Low-effort cost wins that don’t compromise on quality
- Prompt trimming: remove redundant system text; compress long instructions into stable IDs resolved server-side.
- Context development: retrieval top-k tuned per query type; don’t fetch 20 docs “just in case.”
- Model routing: cheap model for classification/extraction; expensive model for synthesis.
- Caching:
- semantic cache for repeated Q&A patterns
- tool result cache (e.g., “current plan benefits”) with TTL
- Stop agent runaway: hard caps on steps/tool calls/tokens.
Evals: the must-have quality gate for prompt & tool changes
Microservices use unit tests, contract tests, canaries, and SLOs.
LLM apps need the same, along with content evaluation.
Evaluations (evals) are explicit tests of the LLM output against your expectations; these are essential for reliability, especially when changing models or versions of prompts.
A practical eval stack that works
Level 1: Prompt unit tests (fast, deterministic-ish)
- input -> expected format constraints (JSON schema, required keys)
- basic refusal behavior on unacceptable inputs
- tool selection rules (“should call get_policy_docs when user asks about policy”)
Level 2: Golden-set regression suite (CI gate)
- representative prompts and retrieved context
- rubric-based scoring (helpfulness, correctness, groundedness, policy compliance)
- pass/fail thresholds by slice (region, tenant, language, scenario)
Level 3: Shadow evaluation in production
- sample live traffic (with privacy controls)
- evaluate outputs asynchronously
- detect drift and regressions without blocking requests
Level 4: Human-in-the-loop for high-stakes domains
- annotation workflows for disputes
- periodic adjustment of automated judges
Pro tip: treat eval datasets like code. Version them. Review changes. Track coverage by scenario.

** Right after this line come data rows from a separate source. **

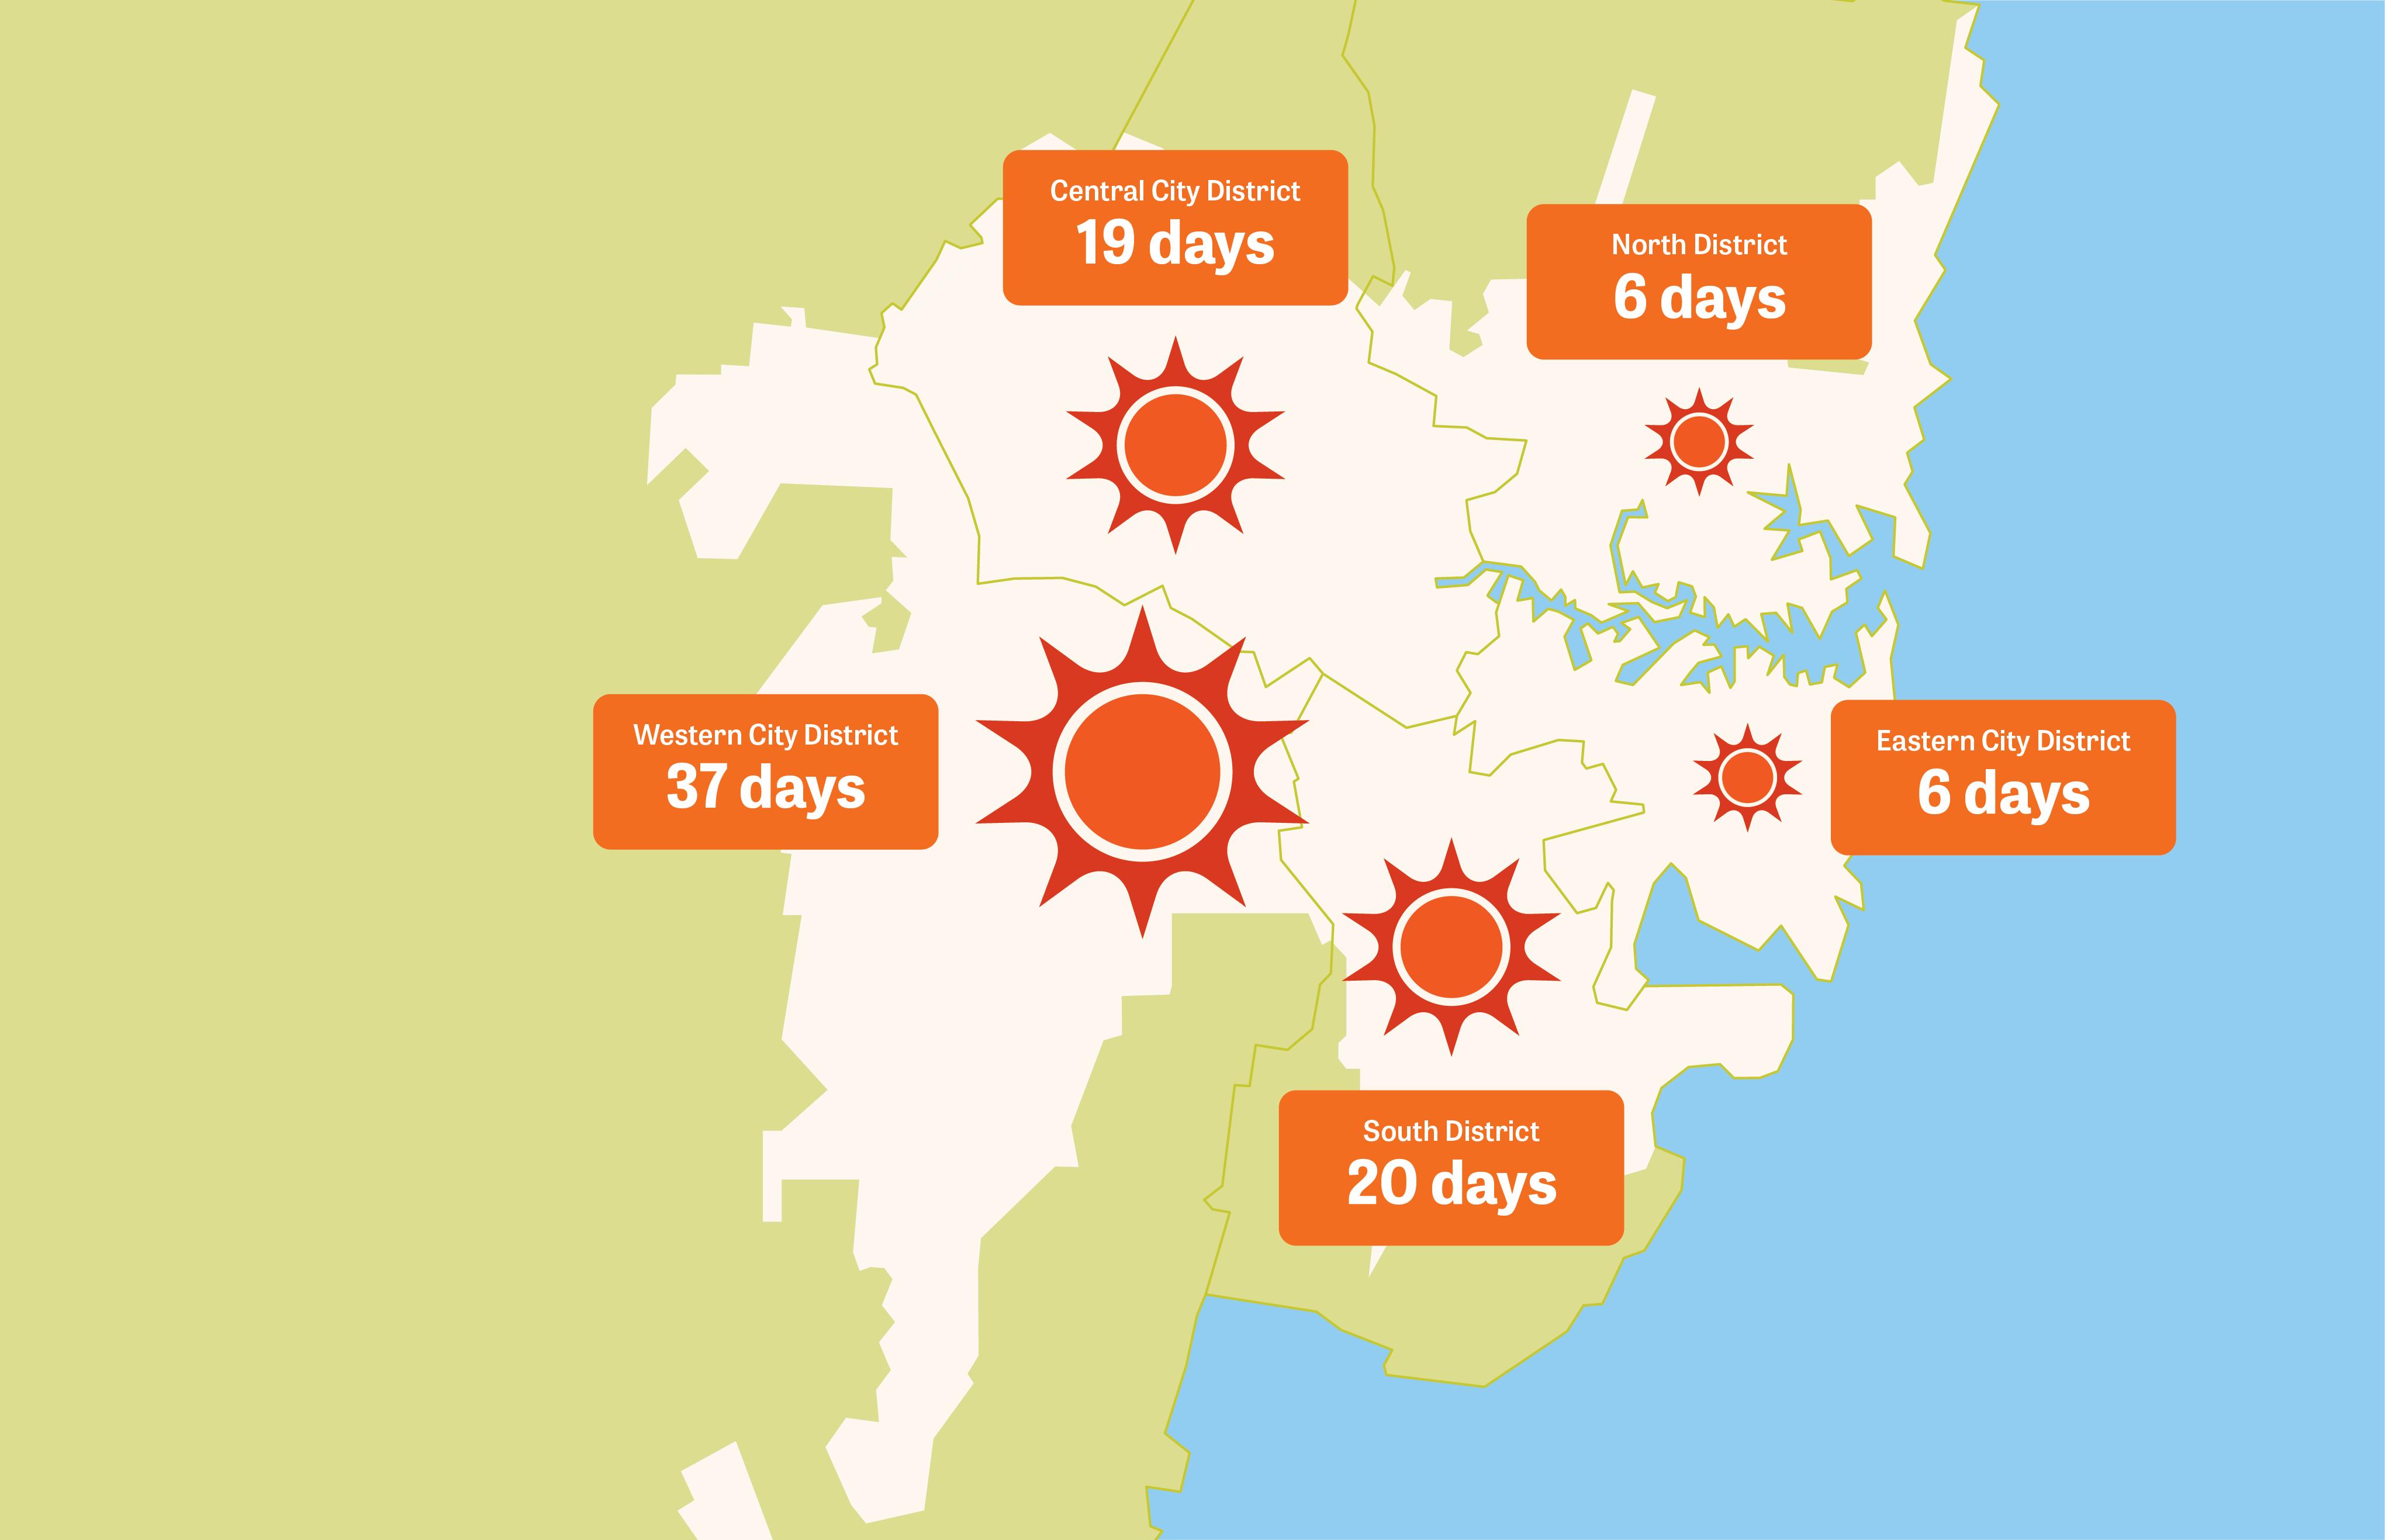 Number of days over 35 degrees Celsius (July 2018-June 2019)
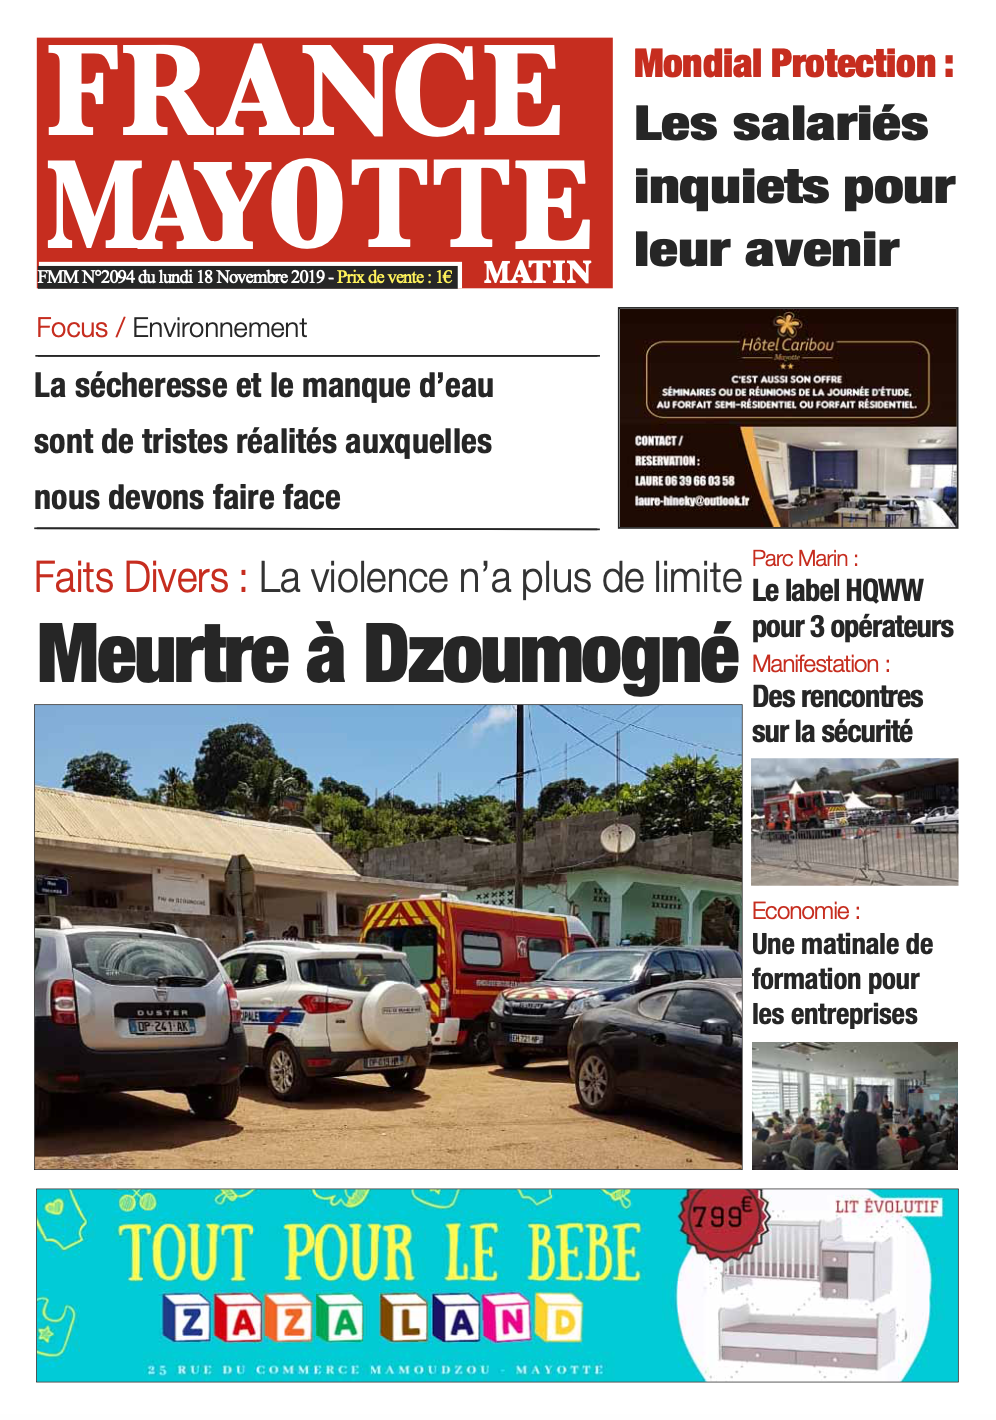 France Mayotte Lundi 18 novembre 2019
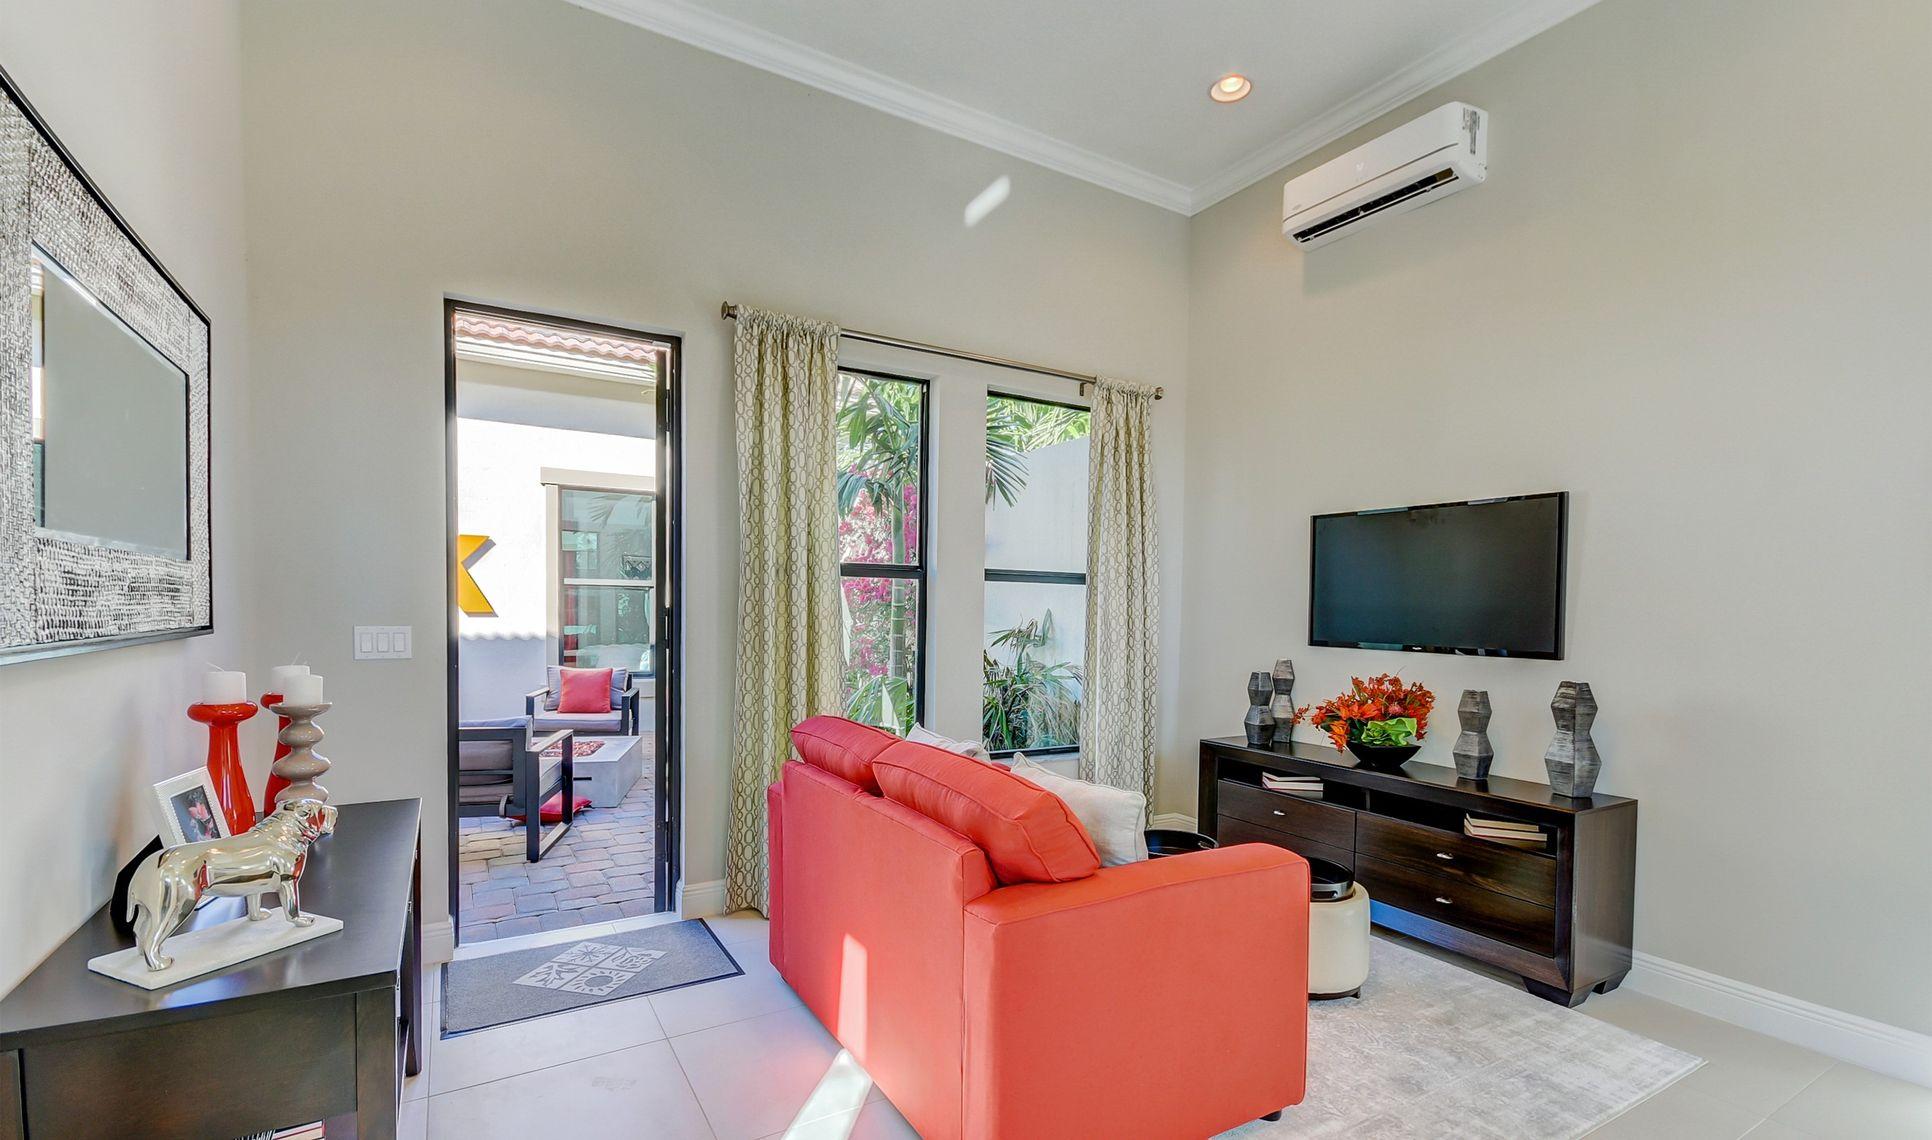 Interior:Cozy casita for overnight guests

Drift detection: what changes even when you don’t deploy
LLM systems drift for reasons that don’t show up in Git history:
- provider silently changes model behavior
- your retrieval set changes
- tool APIs change shape
- user behavior changes (new season, new product, new fraud patterns)
Use standards such as NIST’s AI RMF (and its generative AI profile) as a reference point for thinking about operational risk over time and not just “does it work today?”
Drift signals worth monitoring that’ll provide key insights
- spike in tokens per response (often indicates prompt bloat or retrieval noise)
- increase in tool call count per request (agent loops or new ambiguity) rising refusal rate or policy blocks
- drop in groundedness/citation rate
- increase in format violations (JSON parsing errors)
- semantic shift in queries (topic embeddings distribution drift)
- new error clusters (timeouts, rate limits, tool failures)
A good control plane turns drift into dashboards and alerts, not vague “users say it feels worse.”
Reference architecture: how the AI Control Plane fits
Here’s a vendor-neutral conceptual architecture that can be adopted:
If you’re already managing microservices with OpenTelemetry, this is a natural extension, just with additional guardrails. LangFuse is a good open-source framework to get started on the AI control plane.
Conclusion: you can’t scale what you can’t explain
Most “LLM incidents” aren’t model bugs. They are LLM app bugs that are missing trace context, unknown prompt versions, unmetered tool loops, or a lack of policy enforcement boundaries. An AI control plane doesn’t improve the intelligence of a model. What it does is make the overall system manageable and reliable, which is what allows teams to run and scale LLM applications safely.